The Rev. Herbert Daughtry, a civil rights activist whose church nearly abuts the project site, was talking to reporters about the need for lower-income housing when Mr. Barkey, the photographer, interrupted him.

“Like this?” Mr. Barkey said sarcastically, pointing to his posters of huge, blank building faces towering over a neighborhood. “This is rich folks’ housing. Look at these walls.”

Mr. Daughtry was not impressed. “Don’t you understand that all we’ve been around is walls all our lives?” he said. “You need to take that somewhere else.”

(Say what you want about the Ratners — they really built up a solid flank . . .)

Location scout: Atlantic Yards.

Posted: August 24th, 2006 | Filed under: Architecture & Infrastructure, Blatant Localism, Brooklyn, There Goes The Neighborhood

Ground Breaks On The House That Construction Jobs Built

The House That Ruth Built is a sacred cathedral that inspires great reverence . . . which is why it must be demolished to make way for a more functional version of itself:

Declaring the start of a new era for the Yankees and for the Bronx, officials broke ground yesterday on a $1.2 billion project to build a 51,000-seat replacement stadium. The ceremony took place as throngs of police officers cordoned off protesters who oppose the project because it will eliminate most of two parks and require $400 million in public subsidies.

Gov. George E. Pataki and Mayor Michael R. Bloomberg dismissed those complaints. The governor said the project would create more parkland than it would destroy and noted that the team would be responsible for any cost overruns. The mayor said the stadium would help revitalize the long-neglected South Bronx and create 6,500 construction jobs over the next four years, as well as 1,000 permanent jobs.

The ceremony, which drew the likes of the former Yankees catcher and manager Yogi Berra and the actor Billy Crystal, occurred on the 58th anniversary of the death of Babe Ruth.

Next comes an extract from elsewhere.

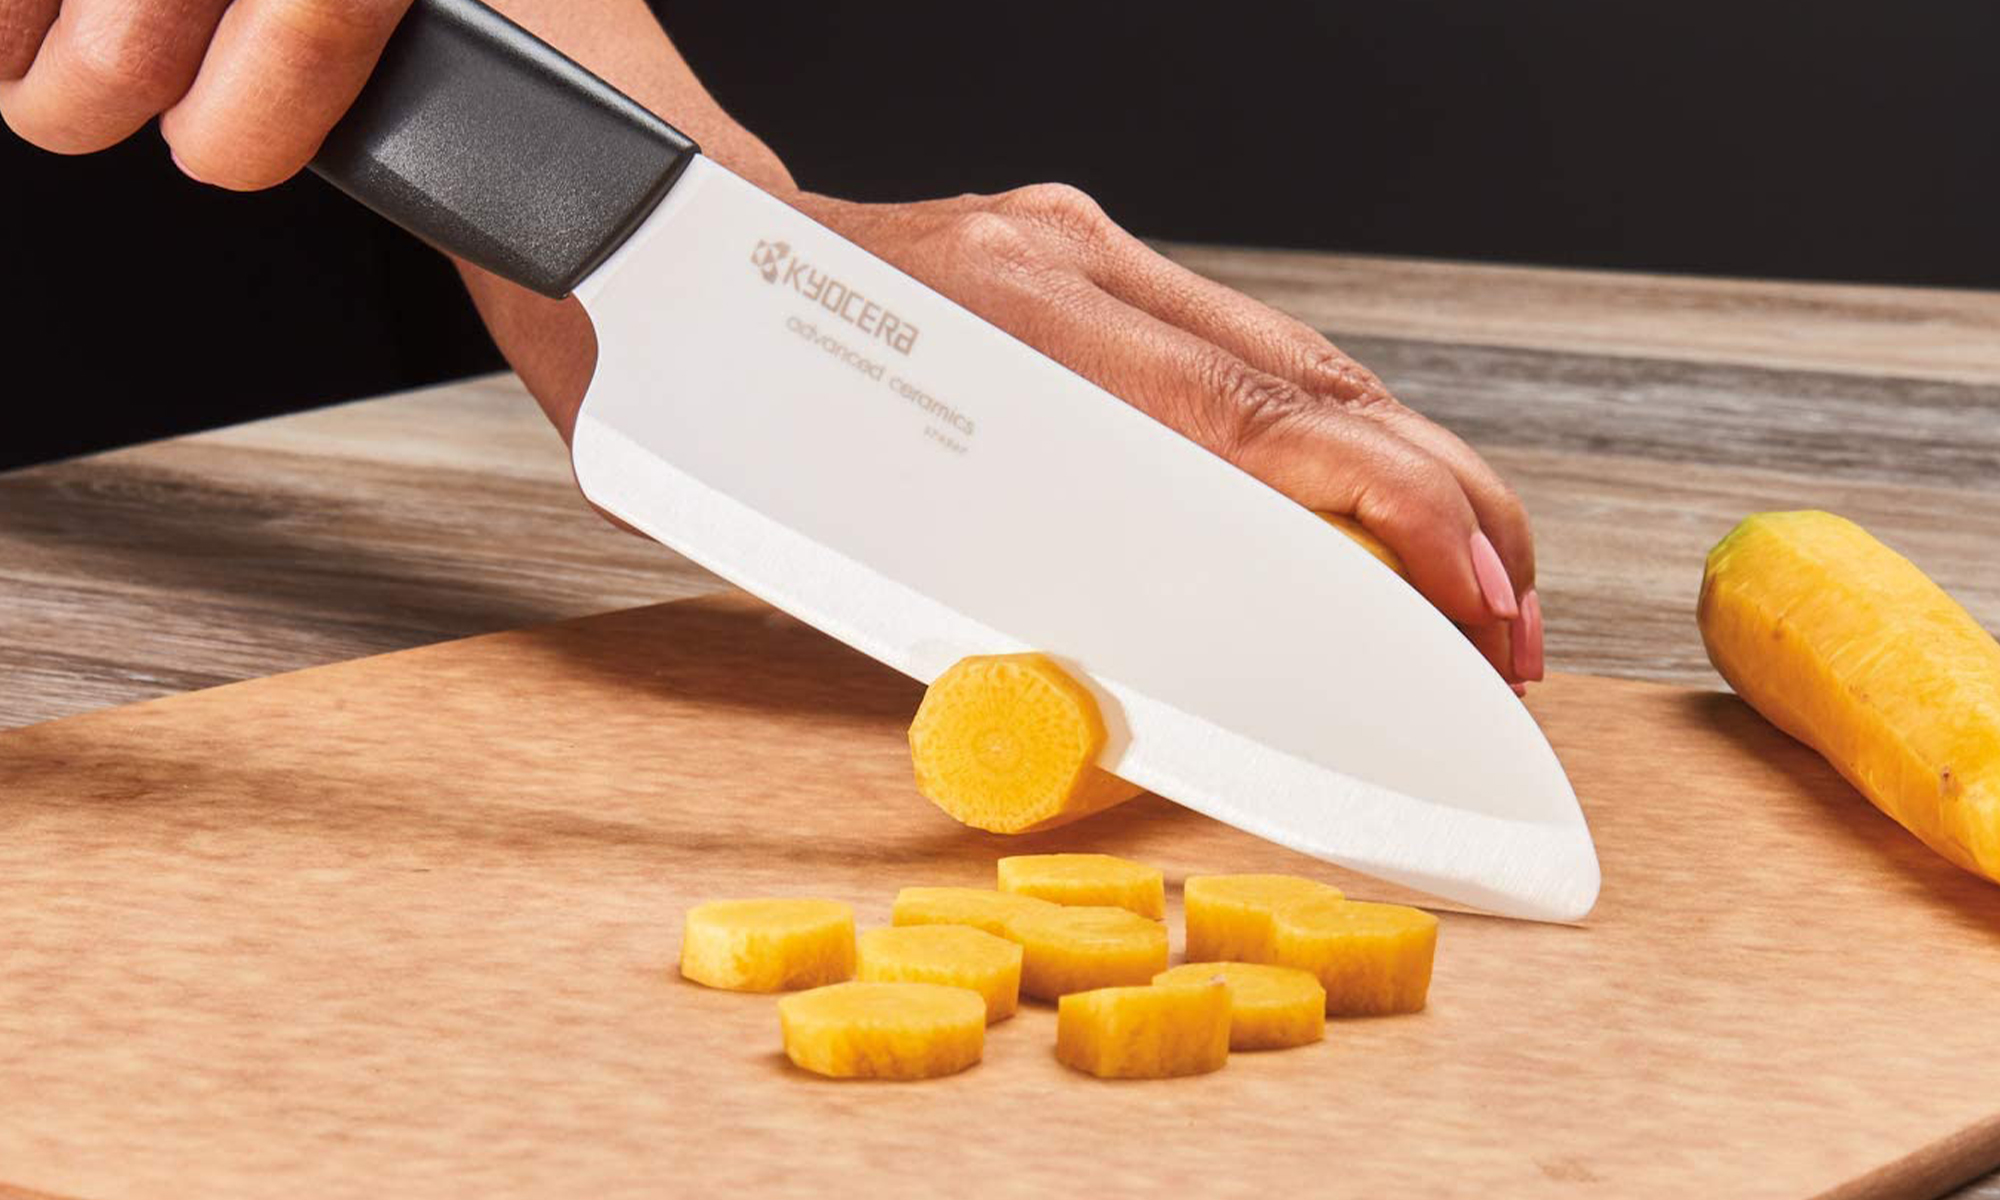 Kyocera Ceramic kitchen knife" data-uuid="ee79c577-46cf-3bb3-8934-f7036a3c8846

The groundbreaking seemed to put to rest decades of speculation that the Yankees might return to Manhattan, where they played until 1923, or abandon New York altogether for New Jersey.

. . .

Bud Selig, the commissioner of Major League Baseball, recalled discovering Yankee Stadium as a teenager with his mother. “To many fans, the ballpark is a cathedral, because it’s a place that inspires great reverence, and it is a place for comfort. If ballparks are indeed cathedrals, then Yankee Stadium is one of the most revered.”

The five-level, open-air stadium will replicate the entry facade, roof frieze, auxiliary scoreboards and right-field bullpen of the current stadium, which opened in 1923 and was substantially modified in a 1974-75 renovation. The stadium is to be completed in 2009, and the Yankees will pay the $800 million construction costs using tax-exempt bonds.

The groundbreaking occurred on a running track at Macombs Dam Park, which will be largely eliminated, along with John Mullaly Park. Across River Avenue, where the No. 4 subway line runs overhead, demonstrators from Save Our Parks, a community group, chanted and shouted. Metal police barricades kept the demonstration separate from the ceremony.

Previously on . . .

Posted: August 17th, 2006 | Filed under: Architecture & Infrastructure, Historical, The Bronx, There Goes The Neighborhood

Upper East Side Infestation In Chelsea; “Hetero Outposts” Torn Down Too Soon

The so-called last “Hetero outpost in Chelsea will fall to the wrecking ball”:

Phil Alotta pulled down the heavy metal gate outside his restaurant Chelsea Grill last Sunday afternoon. Then he and his wife, Carolyn, attached several heavy padlocks to secure it. They would only close up one more time. An auction of the place’s contents was scheduled for Monday, after which Chelsea Grill’s 15 years at the location would come to an end.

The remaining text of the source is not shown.